■ TASK
When you reach the line with "I think part" in the listing below, transcribe it and each line after it up to and including the line with "Harbor Freight Tools", exactly and with nothing else.

■ EXCERPTED DATA
+ + + + +

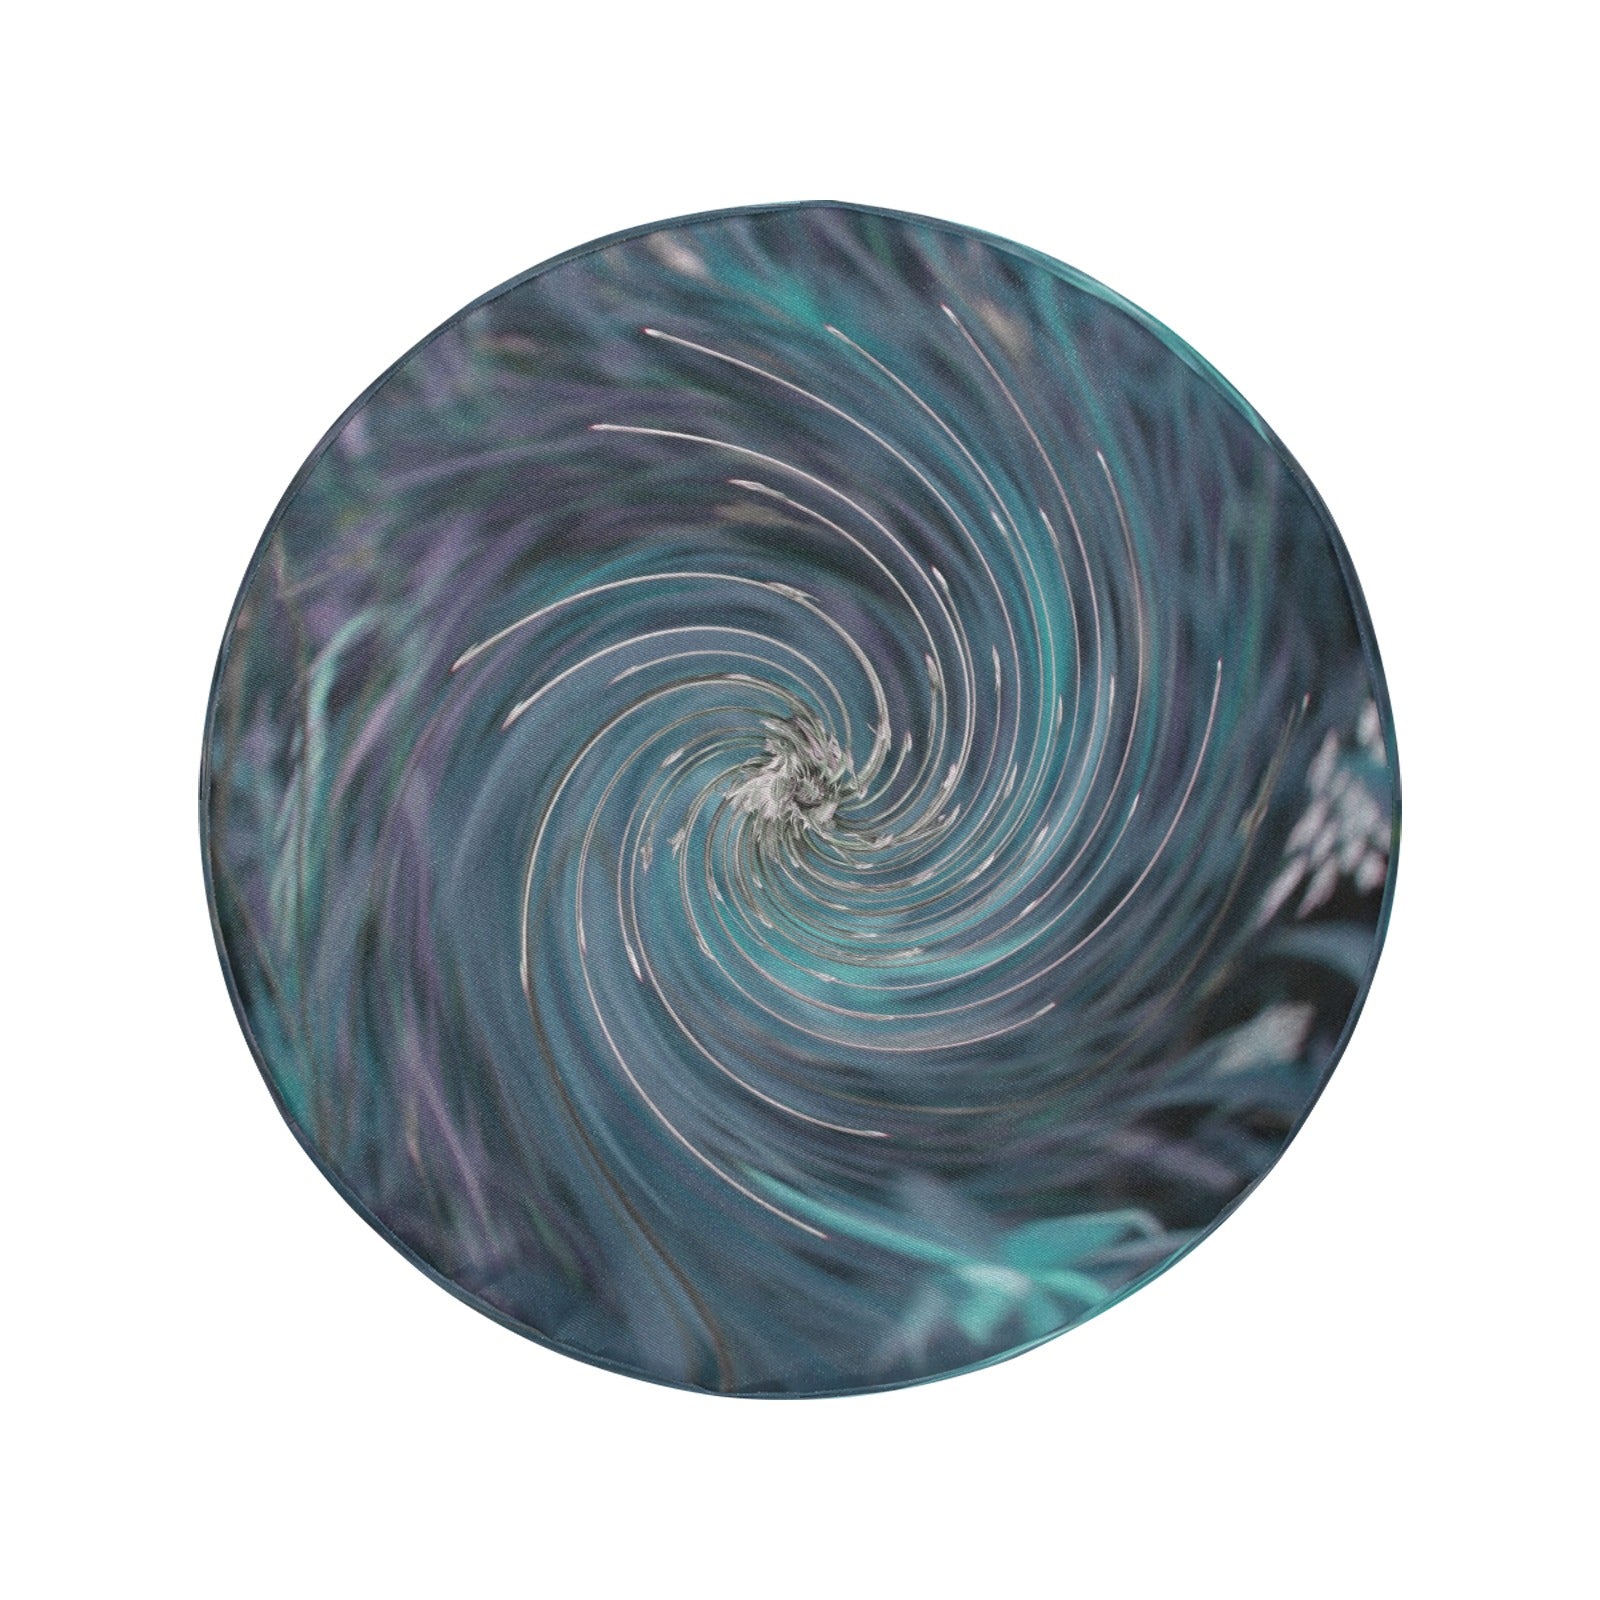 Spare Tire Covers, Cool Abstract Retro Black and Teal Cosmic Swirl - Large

+ + + + +

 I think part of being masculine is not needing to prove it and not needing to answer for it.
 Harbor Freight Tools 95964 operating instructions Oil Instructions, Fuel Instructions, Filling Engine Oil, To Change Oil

+ + + + +

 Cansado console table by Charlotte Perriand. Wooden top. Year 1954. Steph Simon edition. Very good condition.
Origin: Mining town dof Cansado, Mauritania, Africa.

+ + + + +

■ ANSWER SECTION
 I think part of being masculine is not needing to prove it and not needing to answer for it.
 Harbor Freight Tools 95964 operating instructions Oil Instructions, Fuel Instructions, Filling Engine Oil, To Change Oil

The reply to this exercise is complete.